Yes, and the equivalent of 175 billion dollars per year (4% of federal budget times 4.4T$/y). I'm going to go out on a limb and propose that the money may have helped, too.


That is not how inflationary comparisons work with government budgets. The entire documented cost of the Apollo program[1] was $25.4 billion over 11 years. Adjusted for 2018 dollars that's $153 billion over 11 years, which works out to just about $14 billion per year.

The total expenditure in the 2018 United States budget was $4.109 trillion[2] or %0.34 of yearly expenditures. Budgets do not follow inflationary trends even remotely, the 1961 expenditure[3] was $181.588 billion (wow that's pretty crazy). For the year that makes the Apollo program %1.2 of the federal expenditure.

Another useful point of reference, the entire NASA organization in 2018 had an operating budget of $19.2 billion and this has to cover all of the mandated projects such as the SLS. They're also responsible for maintaining and monitoring a lot of infrastructure for other agencies (the weather service, DSN, etc) which wasn't the case during the Apollo mission.
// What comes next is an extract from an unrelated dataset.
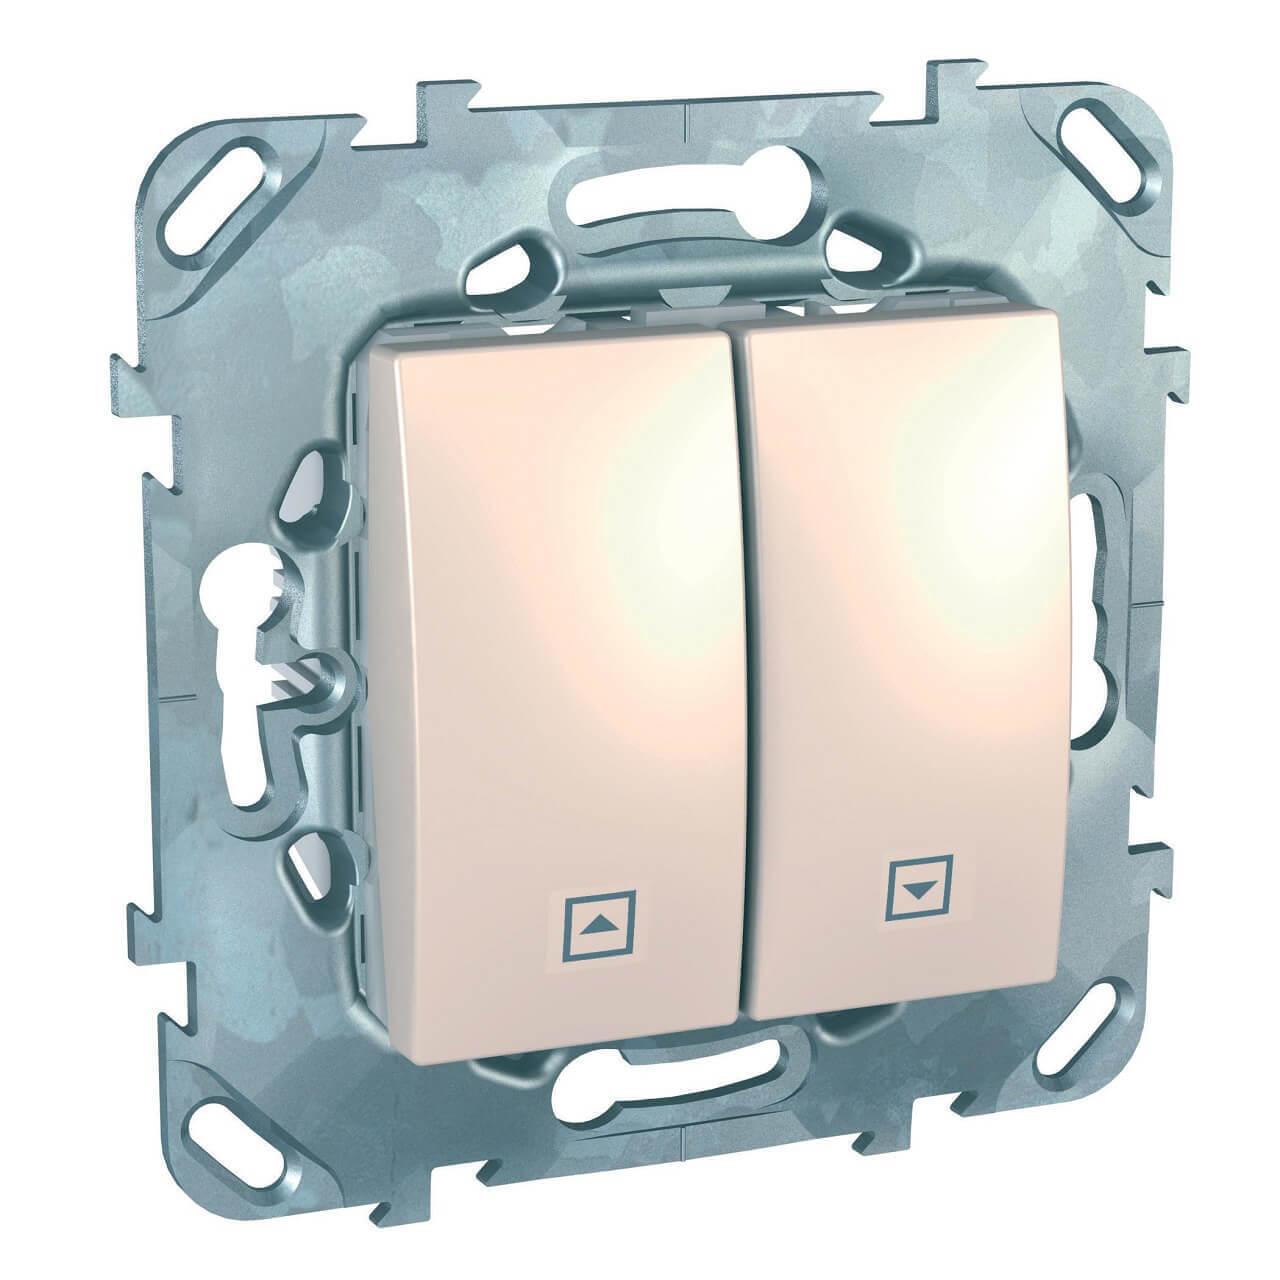 Выключатель двухклавишный для жалюзи Schneider Electric Unica MGU5.208.25ZD выключатель двухклавишный для жалюзи schneider electric unica mgu5 208 25zd

NASA itself is kind of left with scraps.

[1]: https://en.wikipedia.org/wiki/Apollo_program

[2]: https://en.wikipedia.org/wiki/2018_United_States_federal_bud...

[3]: https://www.usgovernmentdebt.us/spending_chart_1960_1970USb_...


> That is not how inflationary comparisons work

Right, but normalizing to the price of bread and milk is even more ridiculous than normalizing to the federal budget, which is not excellent for this purpose, as you point out.

In any case, thanks for digging up more numbers.

I stand by my claim that money (and enough assurance of continued money to bet everything on one large project) is key.


> normalizing to the price of bread and milk is even more ridiculous than normalizing to the federal budget

No it's not. Maybe normalize to the median income if you don't like bread and milk, but how much the government spends on education, health care, interest, military fleets, farm subsidies... that's not relevant to NASA's budget.


> Right, but normalizing to the price of bread and milk is even more ridiculous than normalizing to the federal budget, which is not excellent for this purpose, as you point out.

The CPI is composed of much more than that: https://www.bls.gov/cpi/tables/relative-importance/2016.pdf


The money was necessary. But if it had been run like a typical government program, it would have been 25 years before we landed on the moon.